Example: Bubble Sort

Deriving a loss from a smooth algorithm can be as easy as

from examples import get_bubble_sort
import torch

torch.manual_seed(0)
# Get an array (the first dimension is the batch dimension, which is always required)
array = torch.randn(1, 8, requires_grad=True)

bubble_sort = get_bubble_sort(beta=5)
result, loss = bubble_sort(array)

loss.backward()
print(array)
print(result)
print(array.grad)

Here, the loss is a sorting loss corresponding to the number of swaps in the bubble sort algorithm. But we can also define this algorithm from scratch:

from algovision import (
    Algorithm, Input, Output, Var, VarInt,  # core
    GT, IsTrue,                       # conditions
    If, While, For,           # control_structures
    Let, LetInt,                       # functions
)
import torch

bubble_sort = Algorithm(
    # Define the variables the input corresponds to
    Input('array'),
    # Declare and initialize all differentiable variables
    Var('a',        torch.tensor(0.)),
    Var('b',        torch.tensor(0.)),
    Var('swapped',  torch.tensor(1.)),
    Var('loss',     torch.tensor(0.)),
    # Declare and initialize a hard integer variable (VarInt) for the control flow.
    # It can be defined in terms of a lambda expression.

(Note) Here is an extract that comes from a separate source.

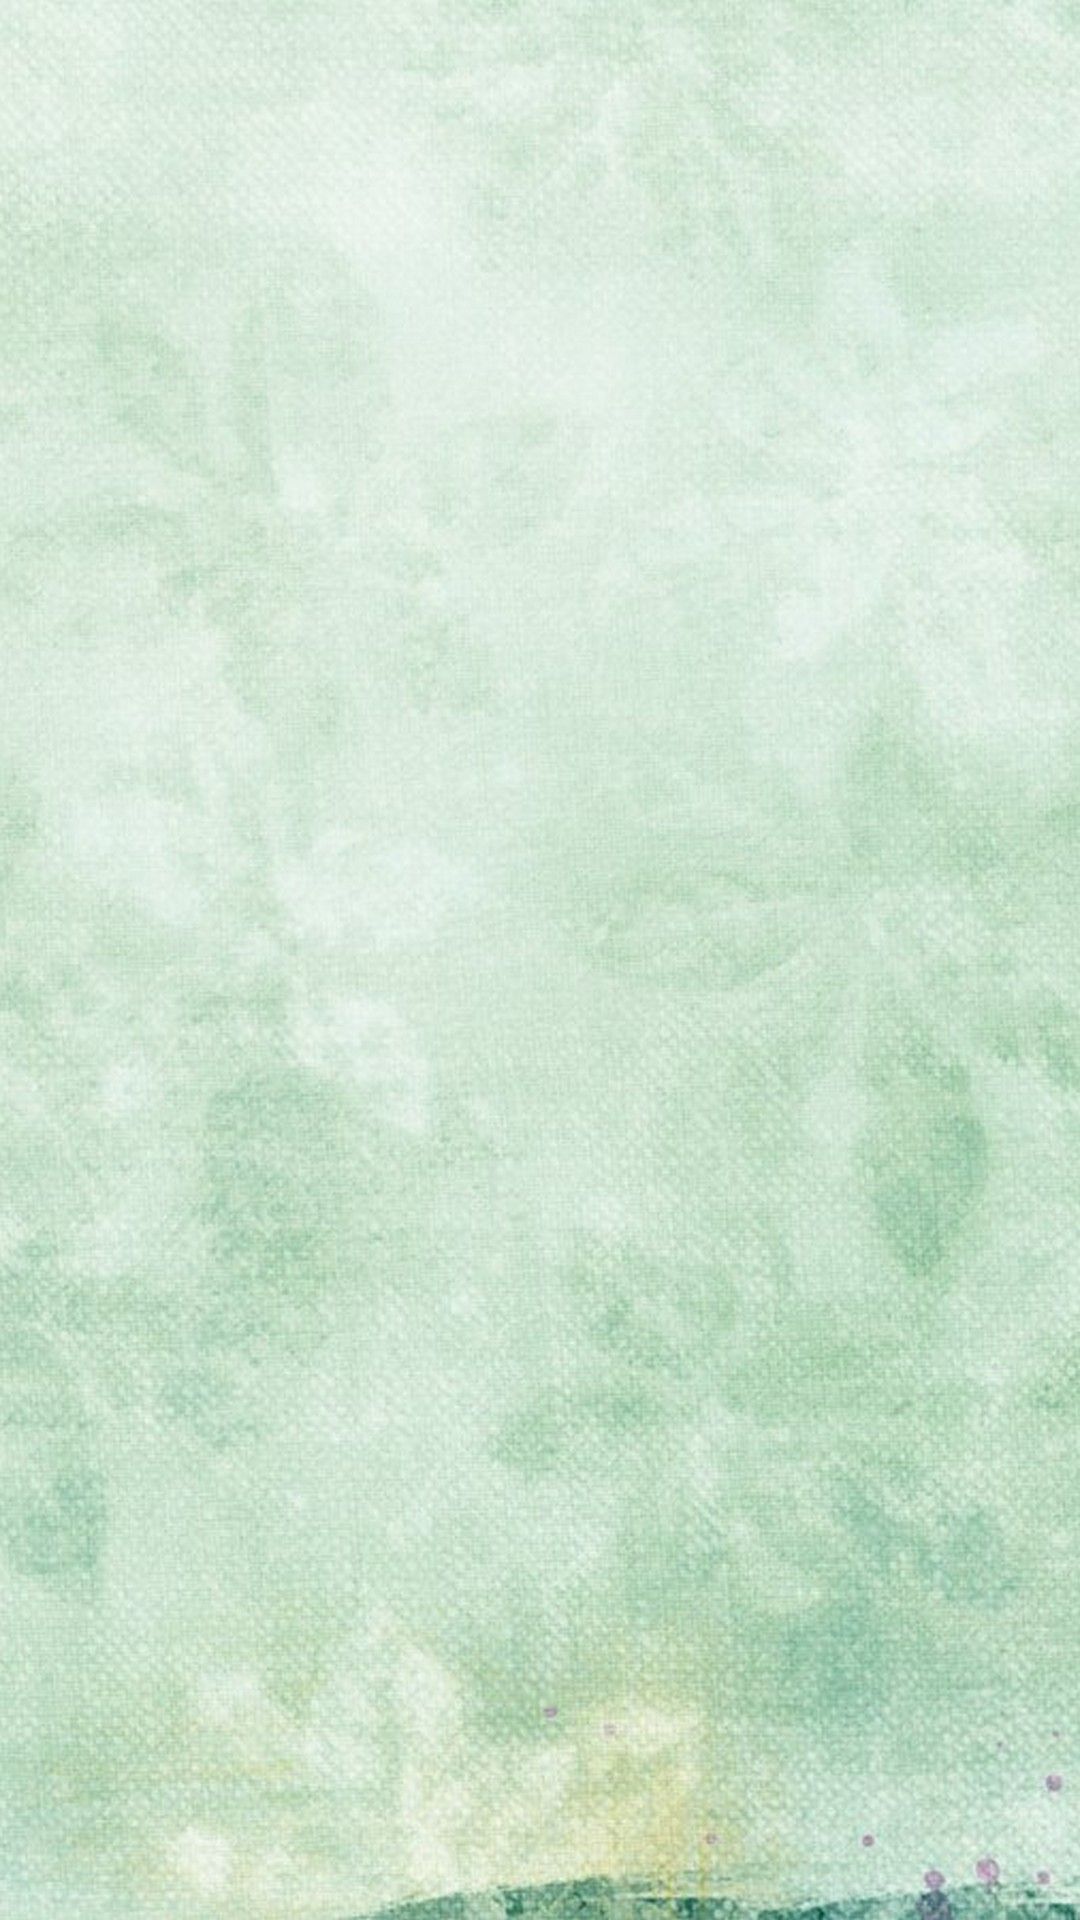 Green And Gold Phone Wallpaper. Mint green wallpaper iphone, Mint green background, Mint green wallpaper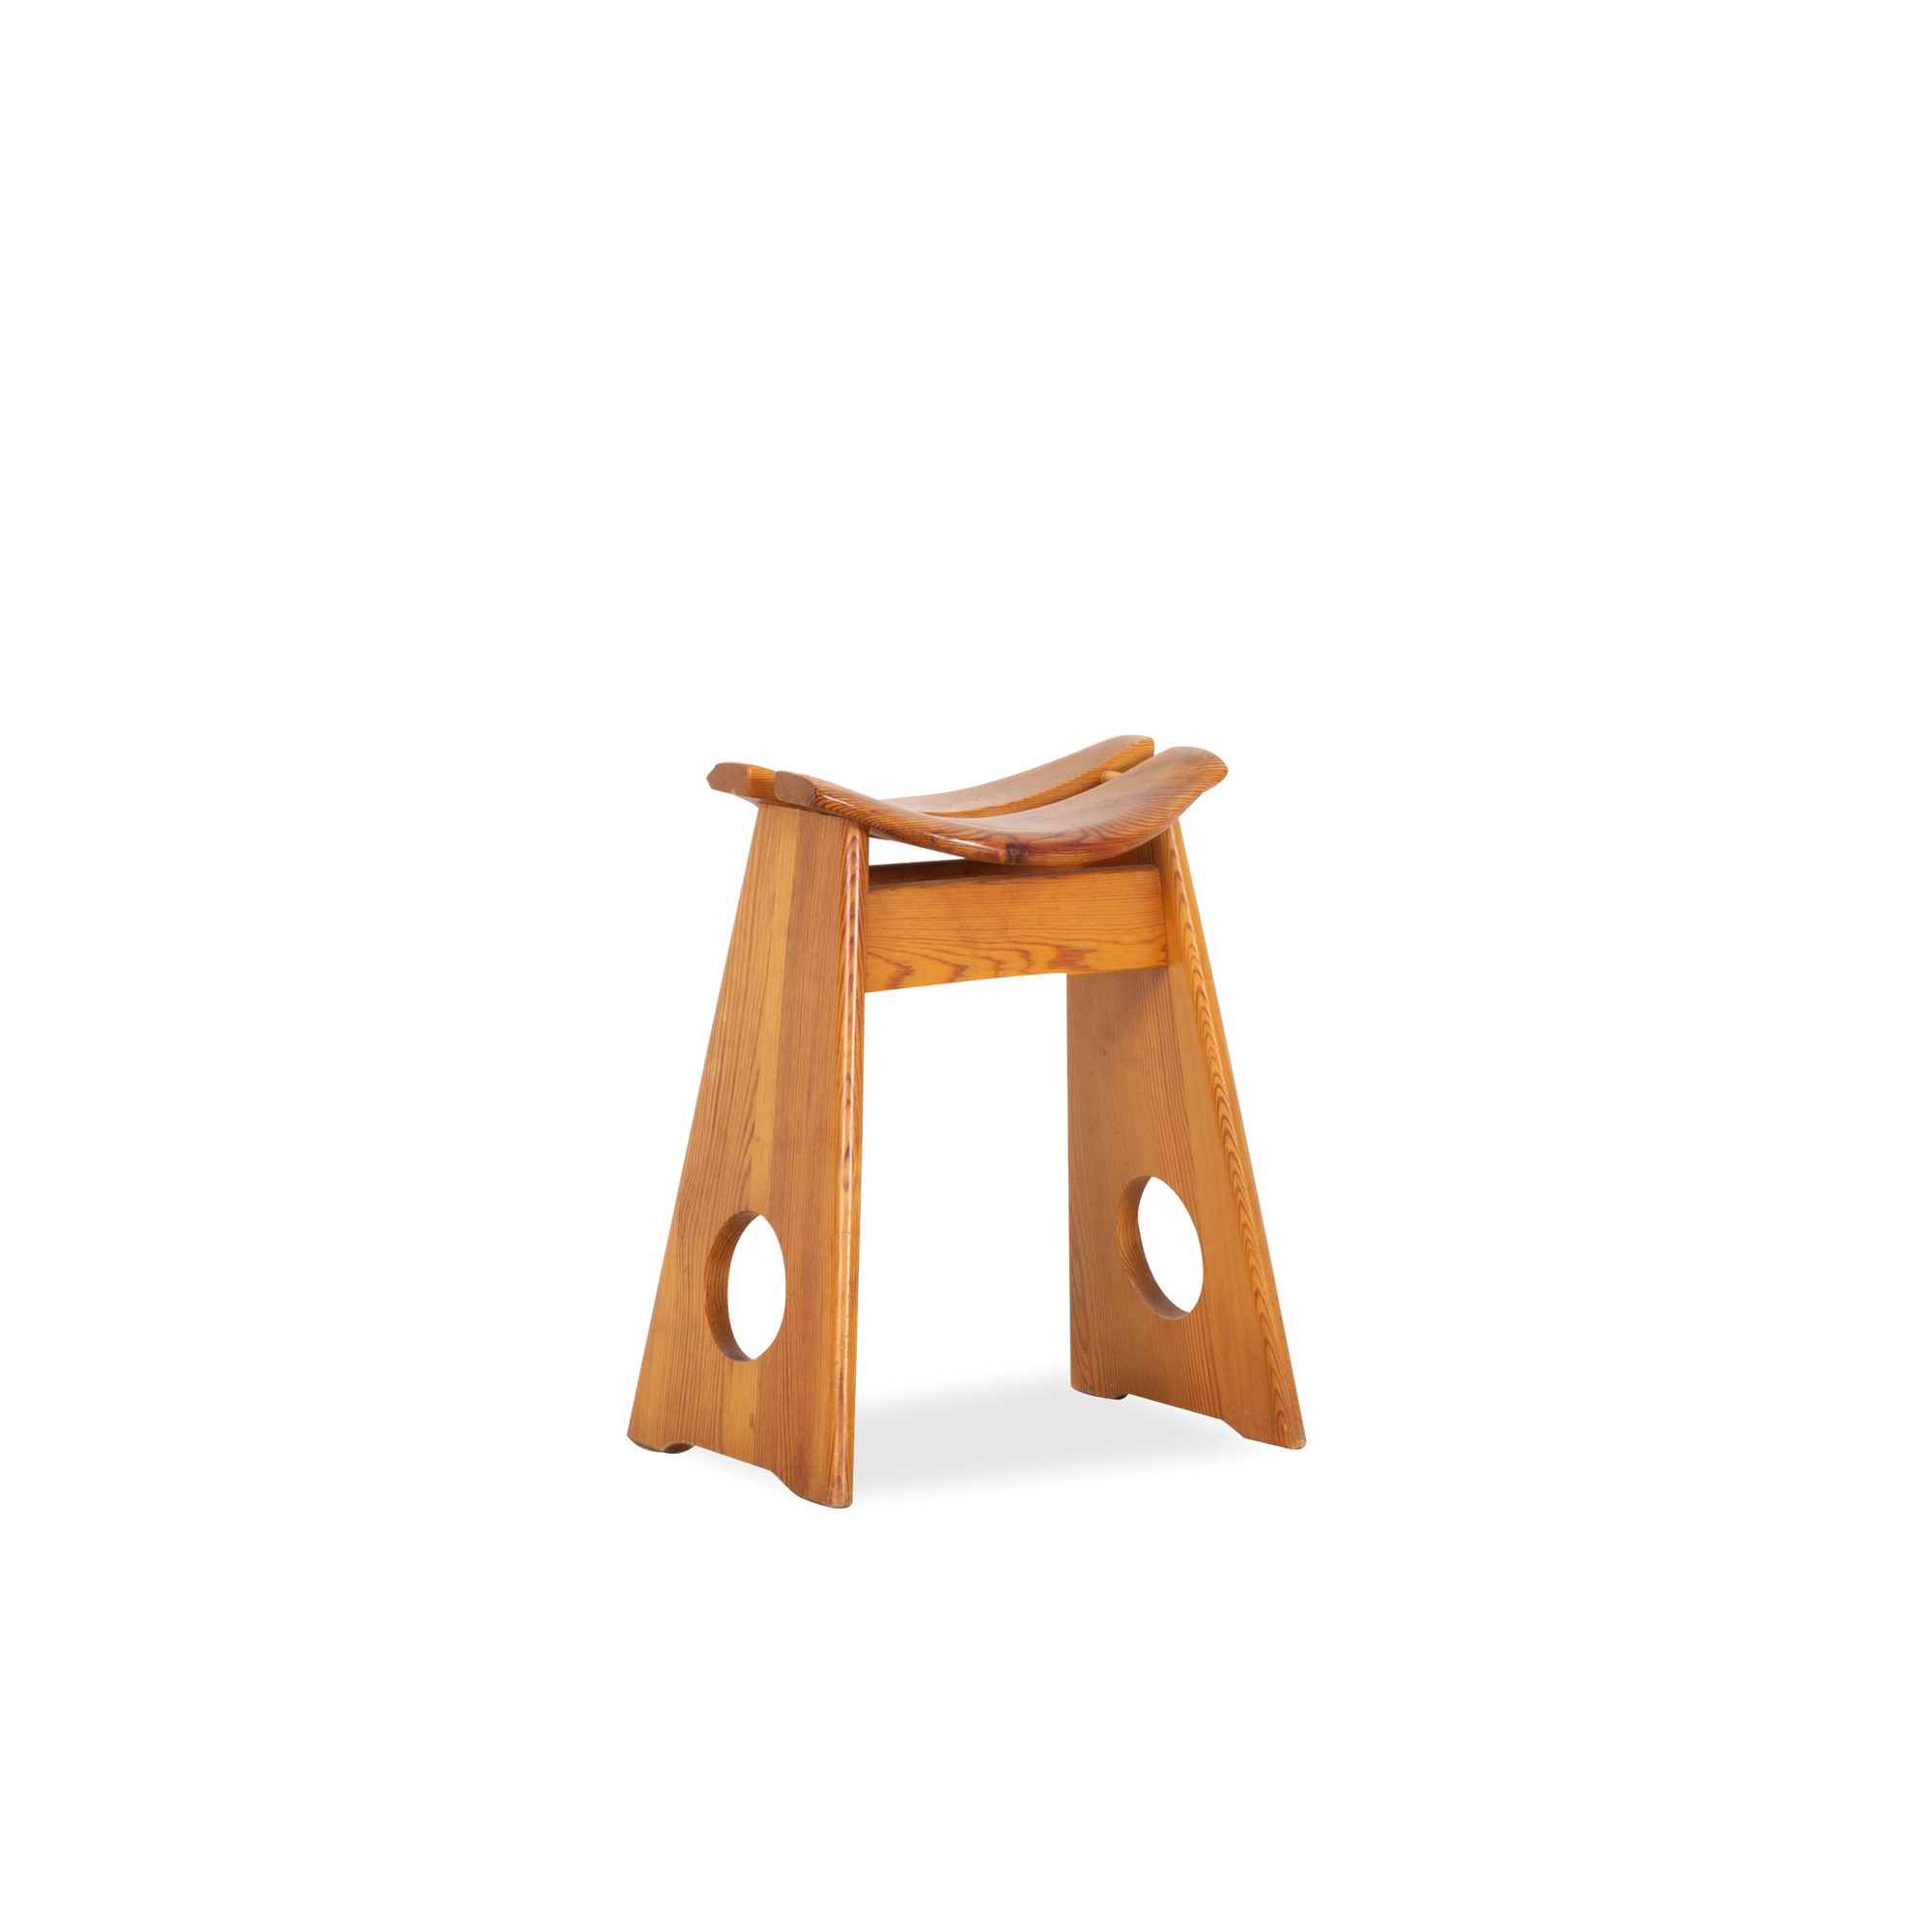 Subtle yet bold, this vintage stool was designed by Gilbert Marklund for Furusnickarn AB, circa 1970s.

The required variables
    # are automatically inferred from the signature of the lambda expression.
    VarInt('n', lambda array: array.shape[1] - 1),
    # Start a relaxed While loop:
    While(IsTrue('swapped'),
        # Set `swapped` to 0 / False
        Let('swapped', 0),
        # Start an unrolled For loop. Corresponds to `for i in range(n):`
        For('i', 'n',
            # Set `a` to the `i`th element of `array`
            Let('a', 'array', ['i']),
            # Using an inplace lambda expression, we can include computations
            # based on variables to obtain the element at position i+1.
            Let('b', 'array', [lambda i: i+1]),
            # An If-Else statement with the condition a > b
            If(GT('a', 'b'),
               if_true=[
                   # Set the i+1 th element of array to a
                   Let('array', [lambda i: i + 1], 'a'),
                   # Set the i th element of array to b
                   Let('array', ['i'], 'b'),
                   # Set swapped to 1 / True
                   Let('swapped', 1.),
                   # Increment the loss by 1 using a lambda expression
                   Let('loss', lambda loss: loss + 1.),
               ]
           ),
        ),
        # Decrement the hard integer variable n by 1
        LetInt('n', lambda n: n-1),
    ),
    # Define what the algorithm should return
    Output('array'),
    Output('loss'),
    # Set the inverse temperature beta
    beta=5,
)